Under the GPL, you can distribute your modifications under the terms of the GPL, even if it is a derived work. That's a big difference. No, you can't distribute a proprietary derivative of my GPL'd code, but you can't distribute a proprietary derivative of my unlicensed-but-copyrighted code either. The GPL may not give you all the rights you wish you had to my code, but it gives you rights you wouldn't otherwise have.
Here's an analogy that may help. Suppose I hate Jar-Jar Binks. (Pretty hard to imagine, eh?:) Suppose I design my own CGI character, who I find less offensive. That does not give me the right to distribute copies of Star Wars with my character substituted in. Sad but true.
I think the only disagreement we have is that I don't believe all of the GPL's restrictions are based on copyright law and I doubt that the GPL is more enforcable than a EULA.

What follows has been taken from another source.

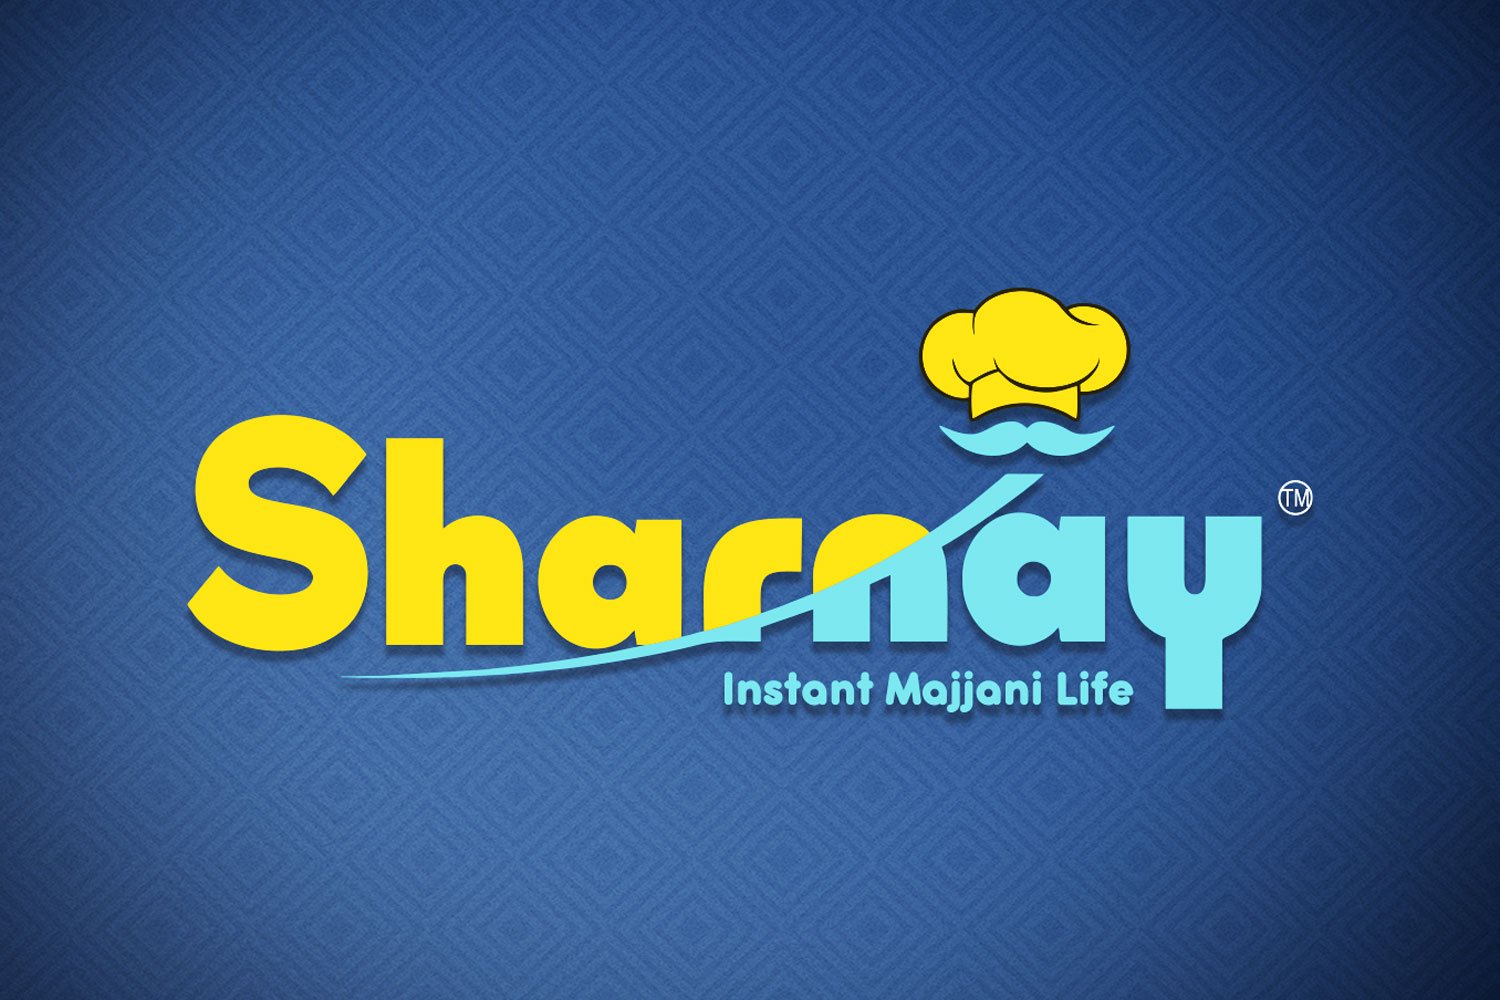 sharnay logo designing company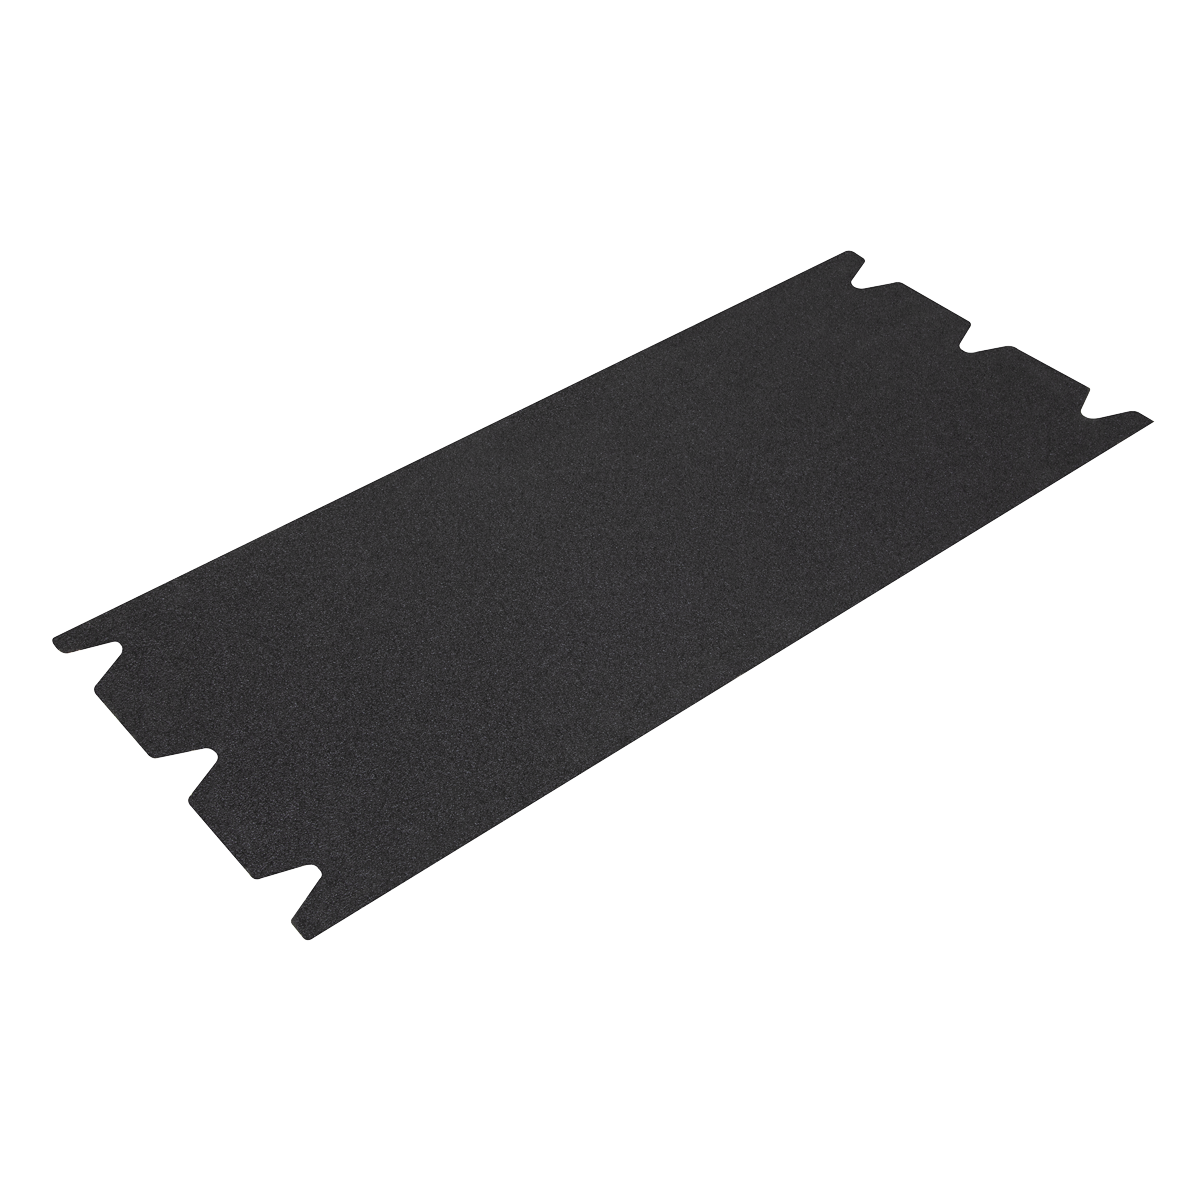 Sealey Floor Sanding Sheet 205 x 470mm 36Grit - Pack of 25 DU836EM

Well, it doesn'treally matter what you believe. The definition of a derivative work does not come from the GPL but from copyright law. Copyright law also specifies that copyright in a derivative work is held by both the original and the derived creators, and therefore distribution permission is required from both. So you look to copyright law to see if you have a derived work. If you do, you need permission from the original author to redistribute, and therefore that author gets to dictate terms. Those terms may be the GPL. If you choose not to follow the terms, then you may not legally redistribute. If you do anyway, then various civil and criminal penalties may apply.
I think the only disagreement we have is that I don't believe all of the GPL's restrictions are based on copyright law
Like what? Certainly the "restriction" against distributing proprietary derivative works stems from copyright law. (And that's not a restriction, it's simply a failure to grant a right you didn't have in the first place.) What other "restrictions" did you have in mind?
I doubt that the GPL is more enforcable than a EULA.
And your reason for this doubt is...?
"And your reason for this doubt is...?"
The absence of any evidence to the contrary.
"So you look to copyright law to see if you have a derived work. If you do, you need permission from the original author to redistribute, and therefore that author gets to dictate terms. Those terms may be the GPL."
Or any other terms. Thus my orginal point that there's nothing special about the GPL.
Gee, and for a brief, shining moment there, I thought you might be more than a troll, despite the trollish nick.
Why do I believe that God is a giant purple carrot with buck teeth and a phony French accent? The absence of any evidence to the contrary.